## Source material:
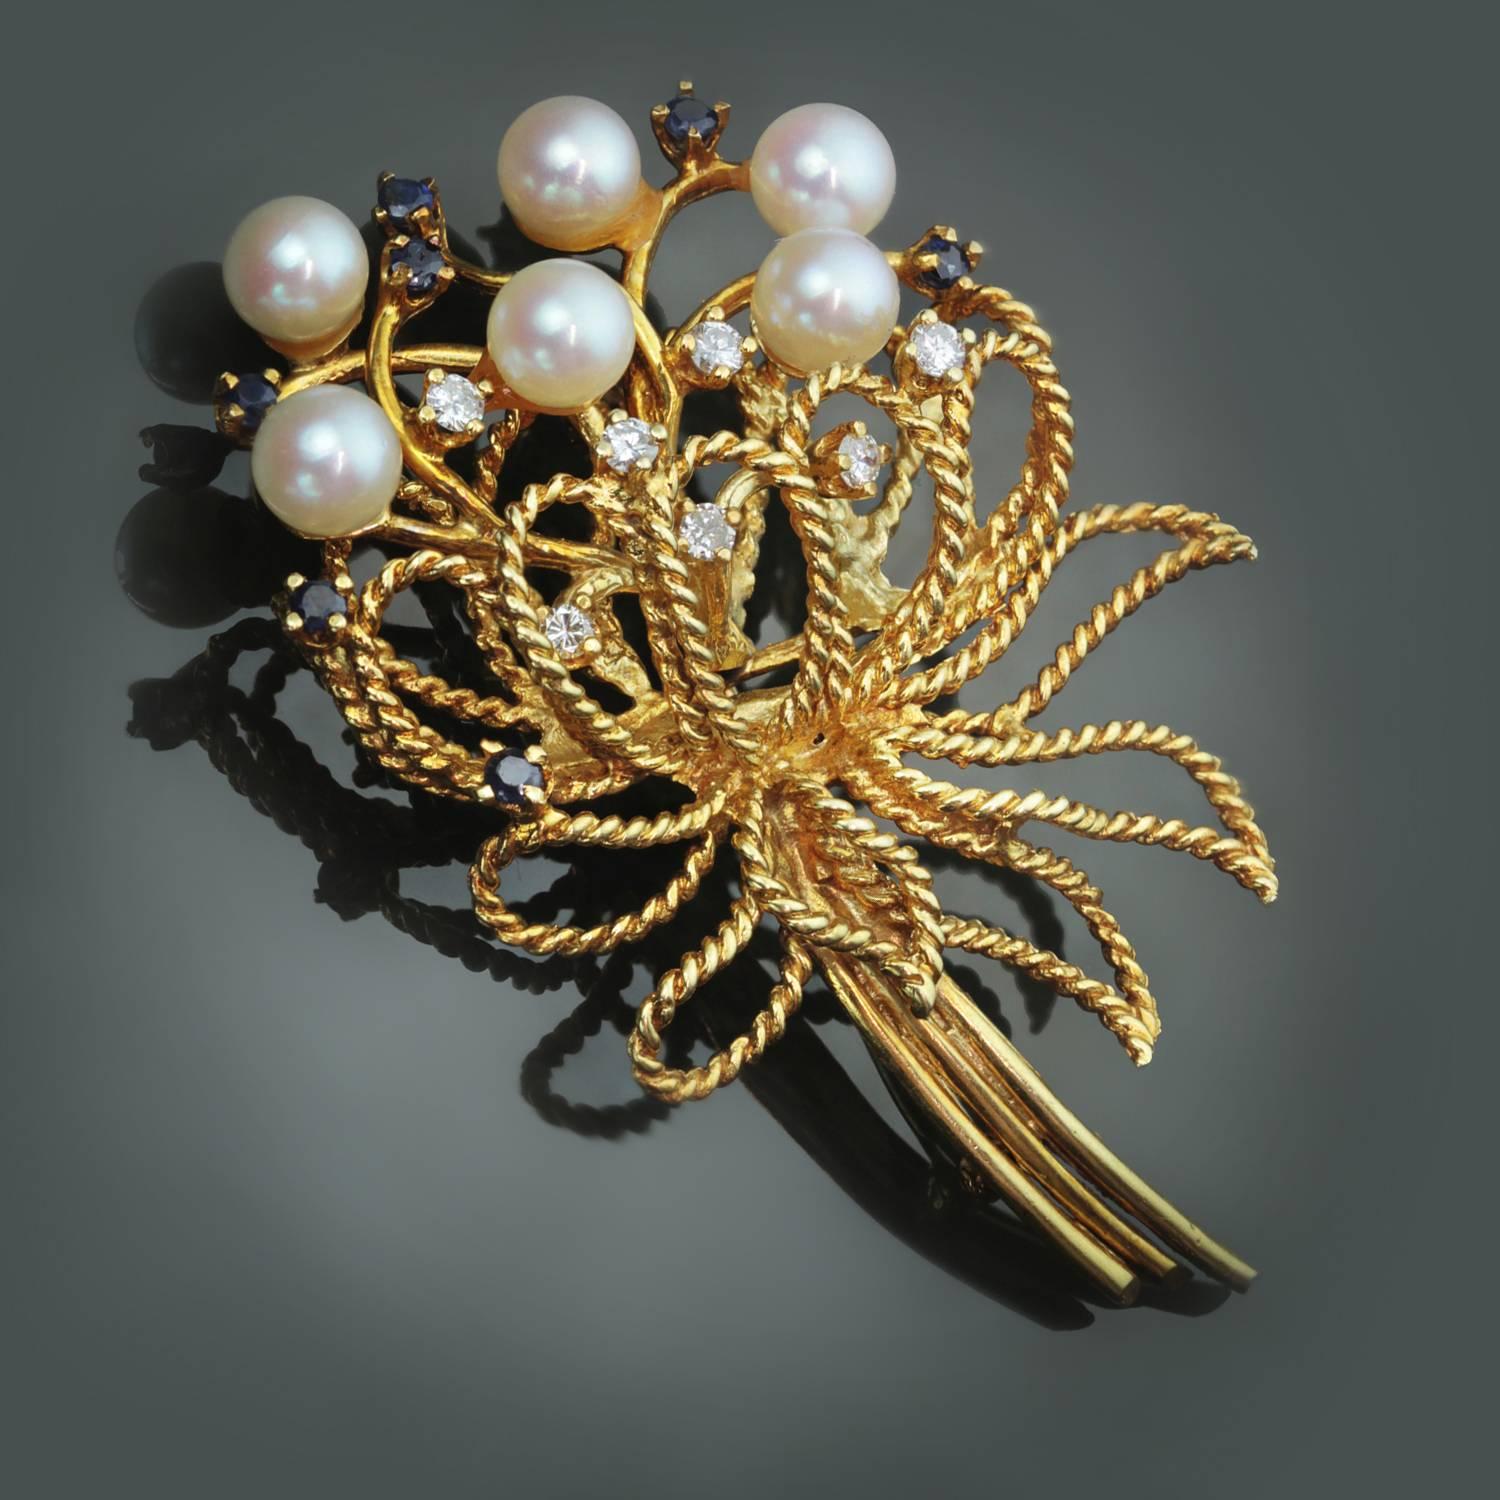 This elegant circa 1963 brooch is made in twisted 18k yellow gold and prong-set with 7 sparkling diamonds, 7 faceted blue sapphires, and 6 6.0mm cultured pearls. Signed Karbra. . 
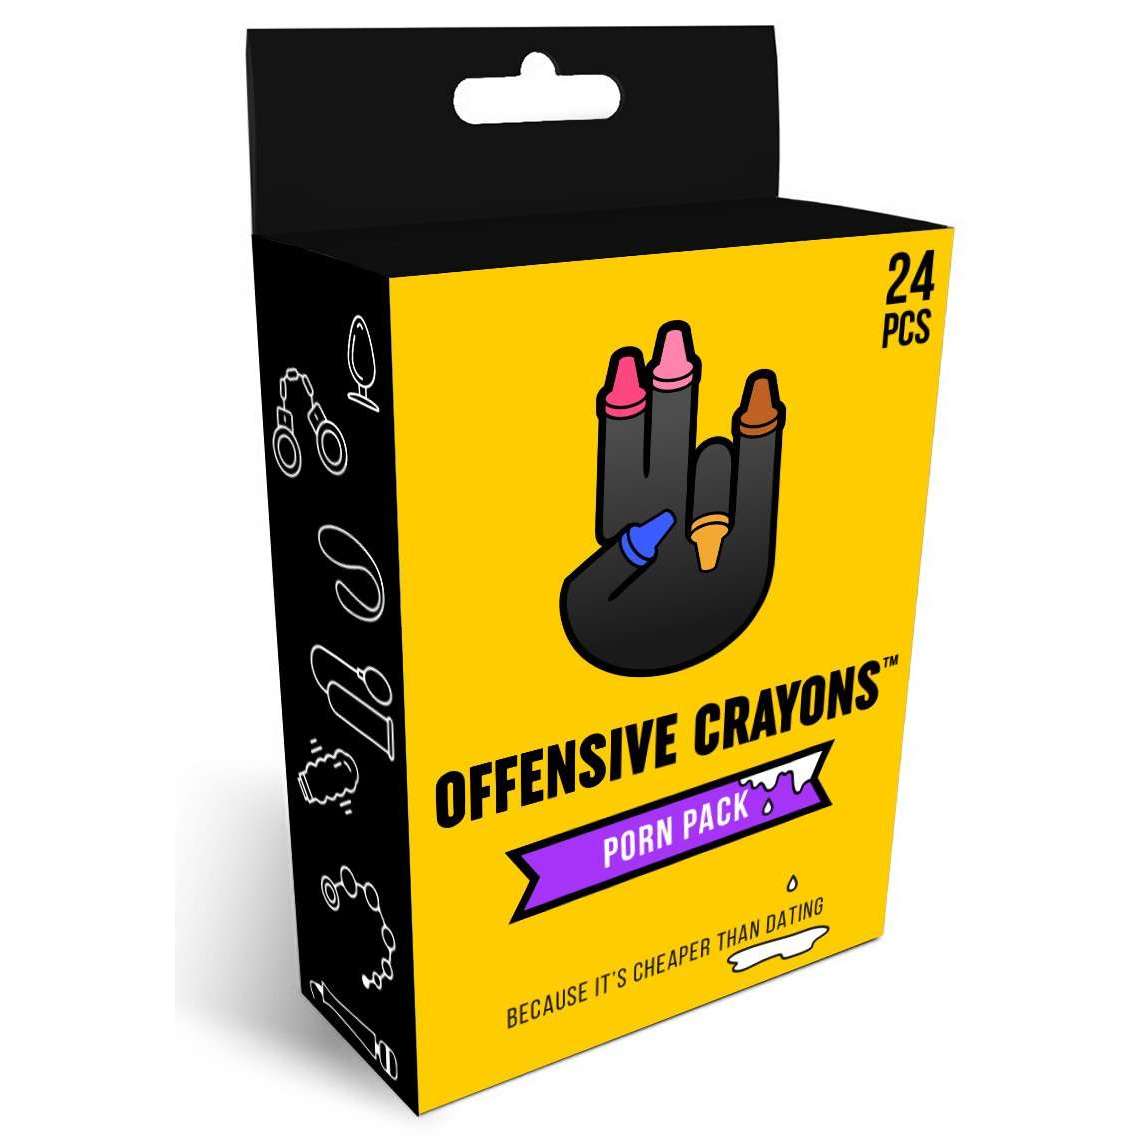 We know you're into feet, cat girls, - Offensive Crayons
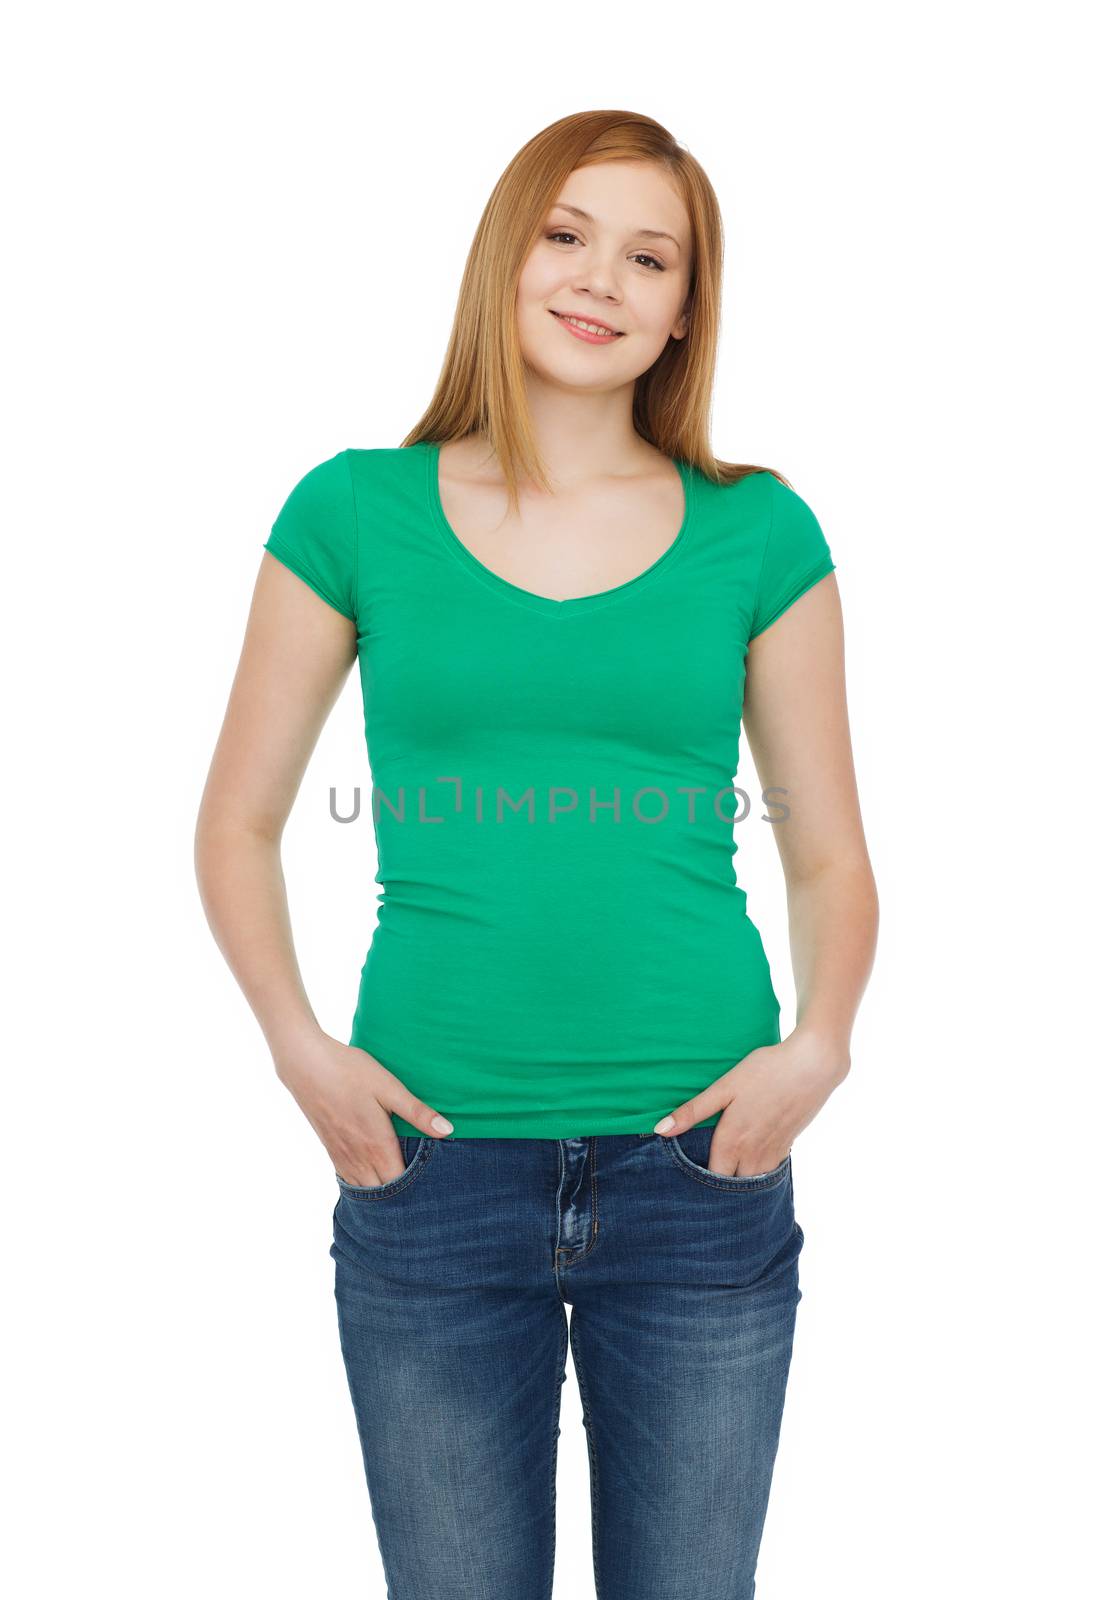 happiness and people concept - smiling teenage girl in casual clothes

## Directions for this task:
Output the full listing verbatim; pictures stay out.

## Exercise solution:
 This elegant circa 1963 brooch is made in twisted 18k yellow gold and prong-set with 7 sparkling diamonds, 7 faceted blue sapphires, and 6 6.0mm cultured pearls. Signed Karbra. . 
 We know you're into feet, cat girls, - Offensive Crayons
 happiness and people concept - smiling teenage girl in casual clothes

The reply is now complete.